Face recognition is a technology that can label a face to a specific identity. The process involves two tasks: 1. Identifying and classifying a face to a certain identity and 2. Verifying if this face and another face map to the same identity. Loss functions are a method of evaluating how good the prediction models the given data. In the application of face recognition, they are used for training convolutional neural networks (CNNs) with discriminative features. Softmax probability is the probability for each class. It contains a vector of values that add up to 1 while ranging between 0 and 1. Cross-entropy loss is the negative log of the probabilities. When softmax probability is combined with cross-entropy loss in the last fully connected layer of the CNN, it yields the softmax loss function:

[math]L_1=-log\frac{e^{w^T_yx}}{e^{w^T_yx} + \sum_{k≠y}^K{e^{w^T_yx}}}[/math] [1]

Specifically for face recognition, [math]L_1[/math] is modified such that [math]w^T_yx[/math] is normalized and s represents the magnitude of [math]w^T_yx[/math]:

[math]L_2=-log\frac{e^{s cos{(\theta_{{w_y},x})}}}{e^{s cos{(\theta_{{w_y},x})}} + \sum_{k≠y}^K{e^{s cos{(\theta_{{w_y},x})}}}}[/math] [1]

This function is crucial in face recognition because it is used for enhancing feature discrimination. While there are different variations of the softmax loss function, they build upon the same structure as the equation above. Some of these variations will be discussed in detail in the later sections.

In this paper, the authors first identified that reducing the softmax probability is a key contribution to feature discrimination and designed two design search spaces (random and reward-guided method). They then evaluated their Random-Softmax and Search-Softmax approaches by comparing the results against other face recognition algorithms using nine popular face recognition benchmarks.

Previous Work

Margin-based (angular, additive, additive angular margins) soft-max loss functions are important in learning discriminative features in face recognition. There have been hand-crafted methods previously developed that require much effort such as A-softmax, V-softmax, AM-Softmax, and Arc-softmax. Li et al. proposed an AutoML for loss function search method also known as AM-LFS from a hyper-parameter optimization perspective [2]. It automatically determines the search space by leveraging reinforcement learning to the search loss functions during the training process, though the drawback is the complex and unstable search space.

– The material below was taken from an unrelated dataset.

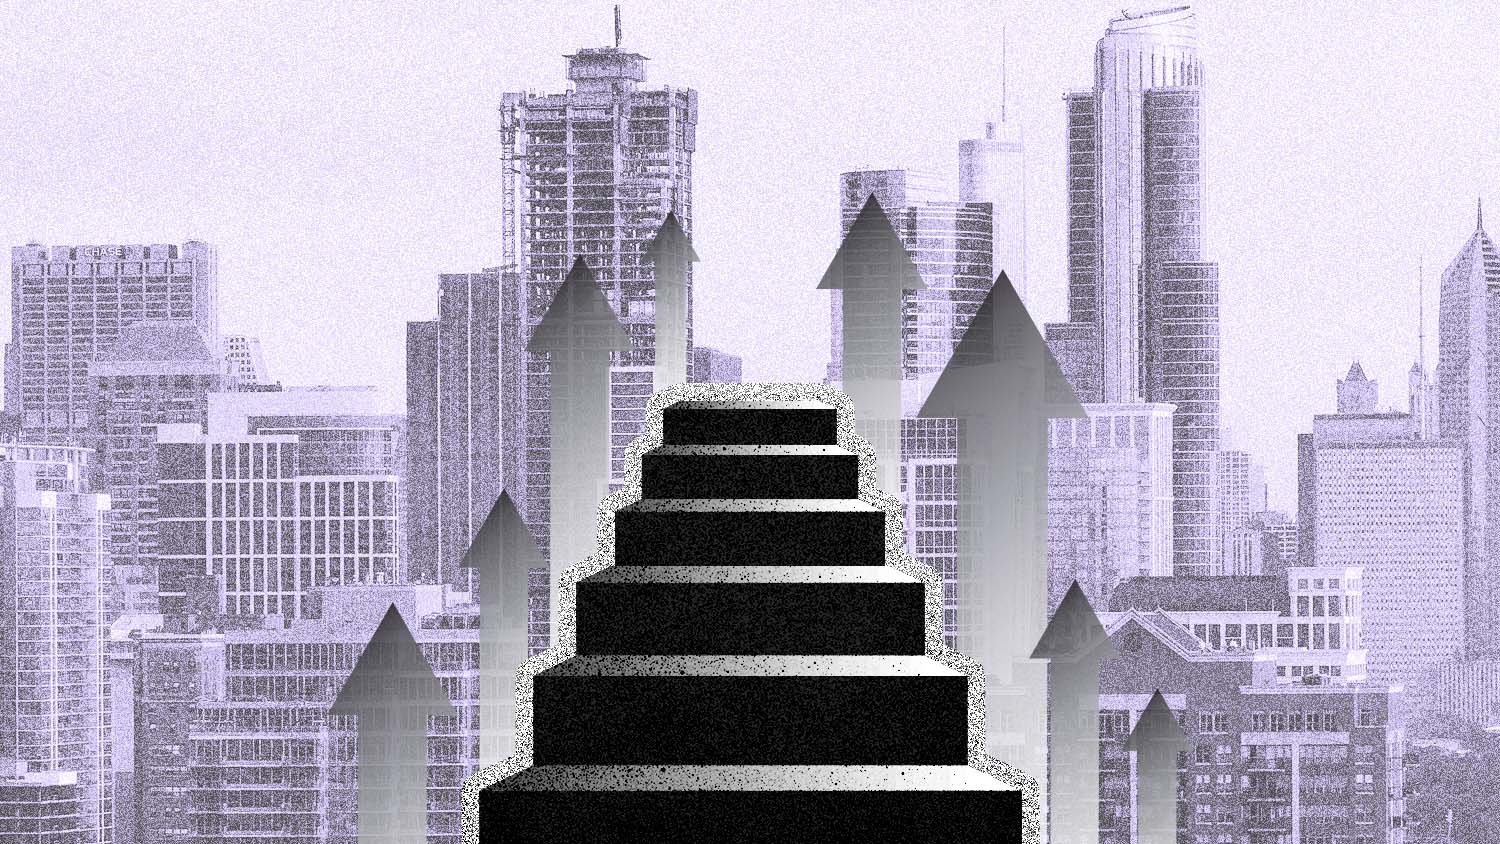 Stairs over a city scape

Previous algorithms for facial recognition frequently rely on CNNs that may include metric learning loss functions such as contrastive loss or triplet loss. Without sensitive sample mining strategies, the computational cost for these functions was high. This drawback prompts the redesign of classical softmax loss that cannot discriminate features. Multiple softmax loss functions have since been developed, and including margin-based formulations, they often require fine tuning of parameters and are susceptible to instability. Therefore, researchers need to put in a lot of effort in creating their method in the large design space. AM-LFS takes an optimization approach for selecting hyperparameters for the margin-based softmax functions, but its aforementioned drawbacks are caused by the lack of direction in designing the search space.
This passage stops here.